INFORMATION PROVIDED START

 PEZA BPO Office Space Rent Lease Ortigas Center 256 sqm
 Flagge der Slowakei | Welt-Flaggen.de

INFORMATION PROVIDED END
INFORMATION PROVIDED START

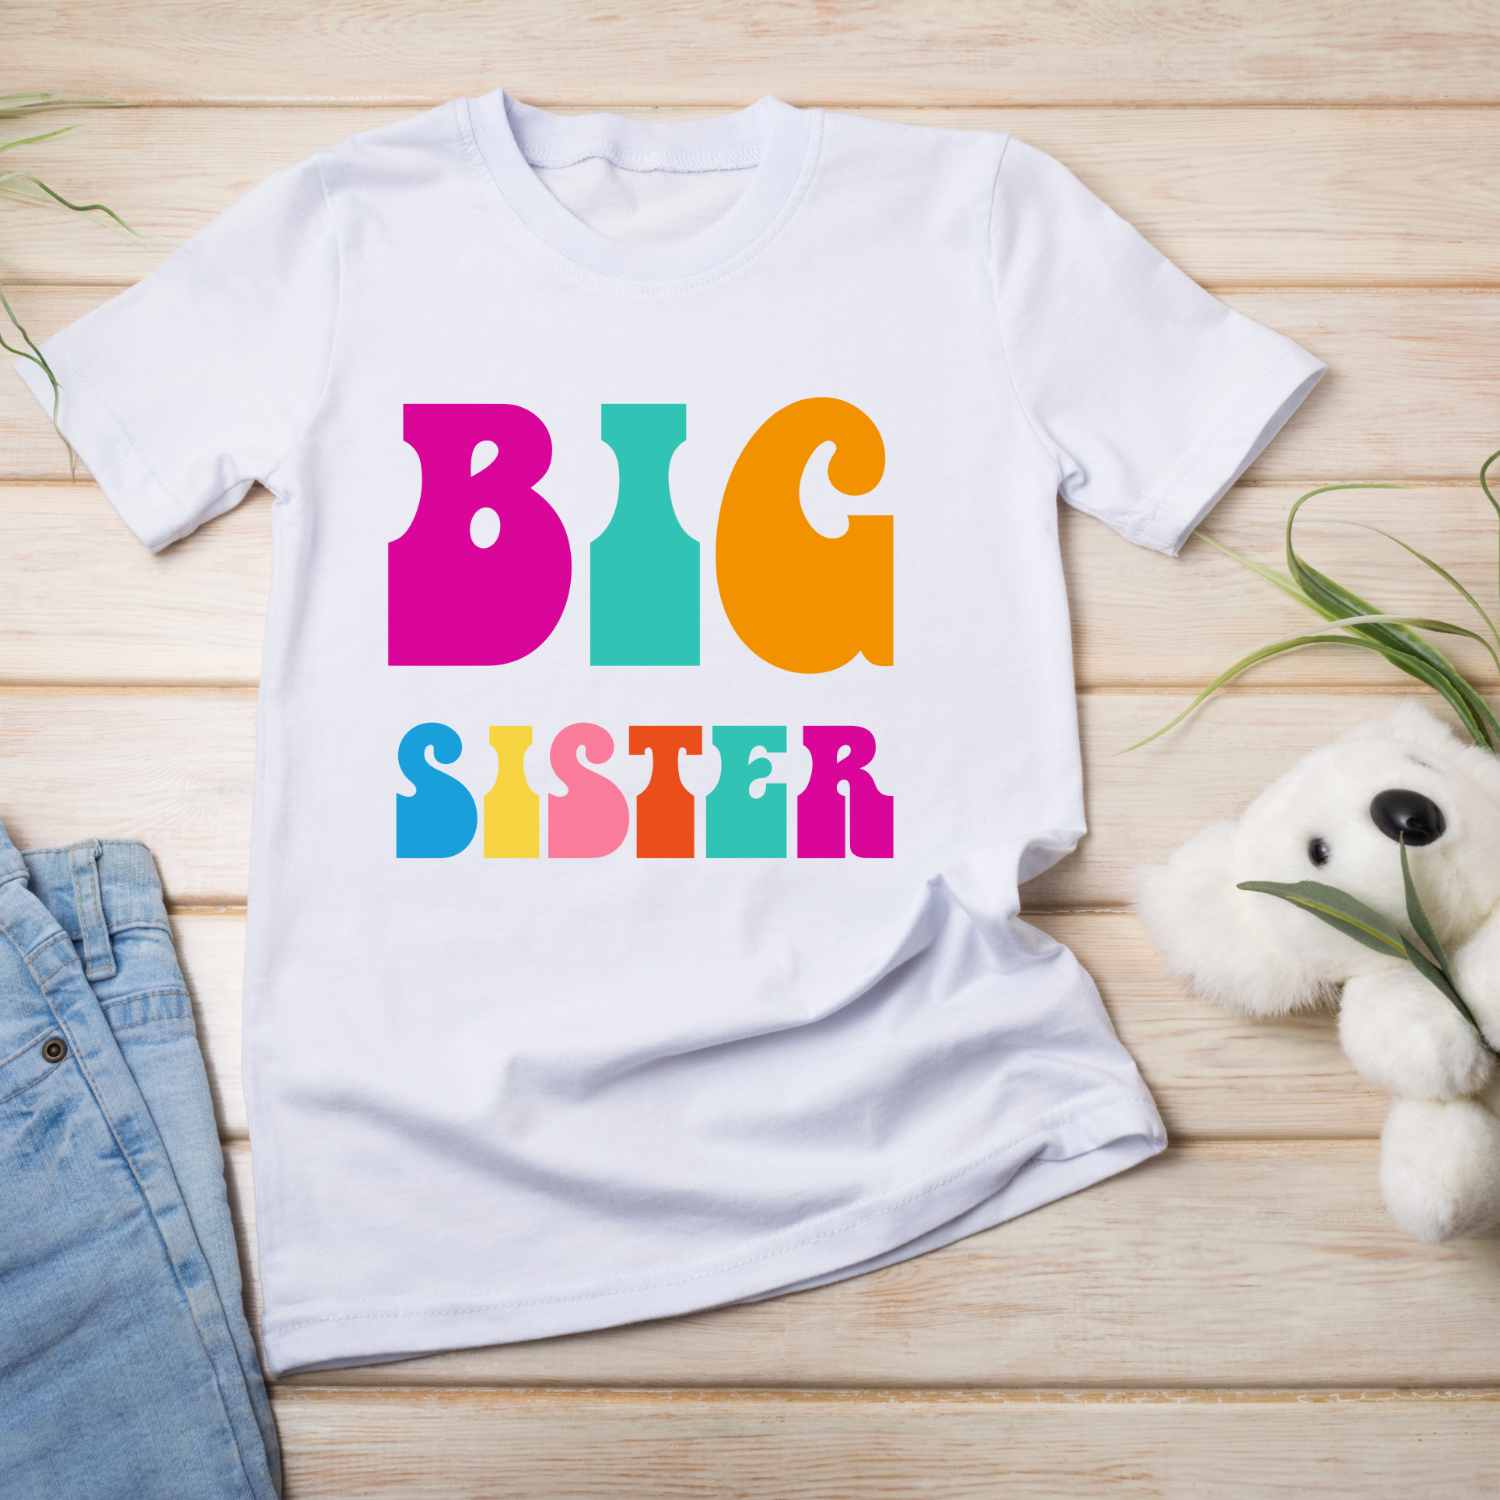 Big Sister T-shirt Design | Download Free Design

INFORMATION PROVIDED END
INFORMATION PROVIDED START

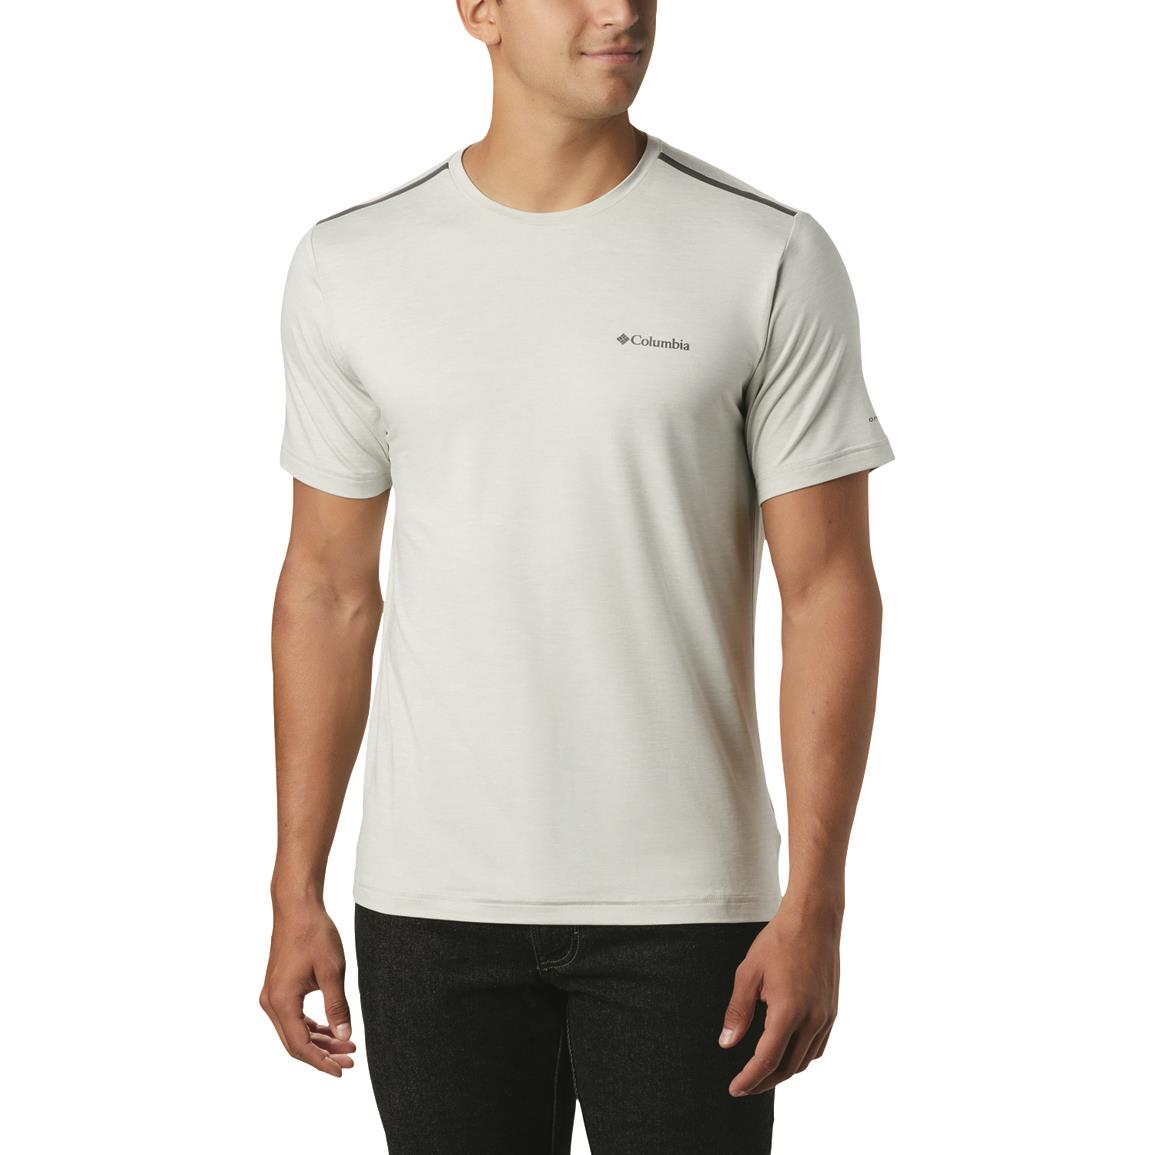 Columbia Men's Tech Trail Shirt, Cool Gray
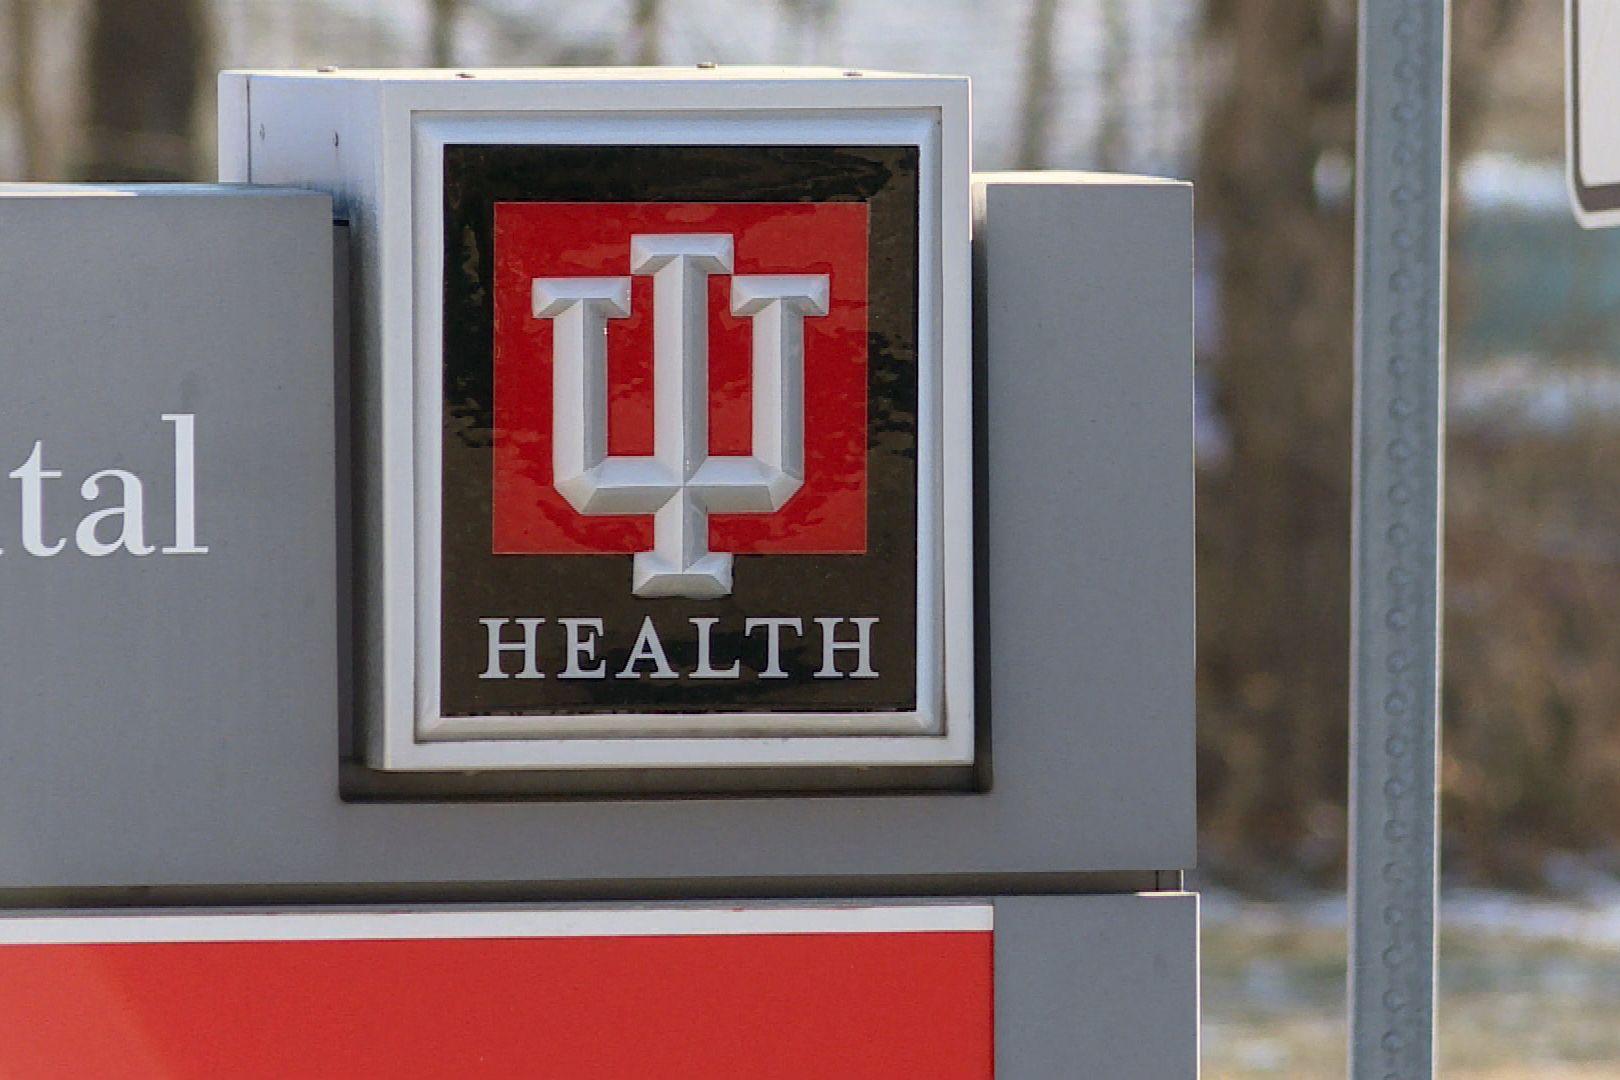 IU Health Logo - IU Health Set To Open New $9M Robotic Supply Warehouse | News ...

INFORMATION PROVIDED END

-- AIM OF THE EXERCISE --
Given the data above, transcribe exactly the lines from the one containing "PEZA BPO Office" down to the one containing "Flagge der Slowakei | Welt-Flaggen.de", and no others.

-- SOLUTION BELOW --
 PEZA BPO Office Space Rent Lease Ortigas Center 256 sqm
 Flagge der Slowakei | Welt-Flaggen.de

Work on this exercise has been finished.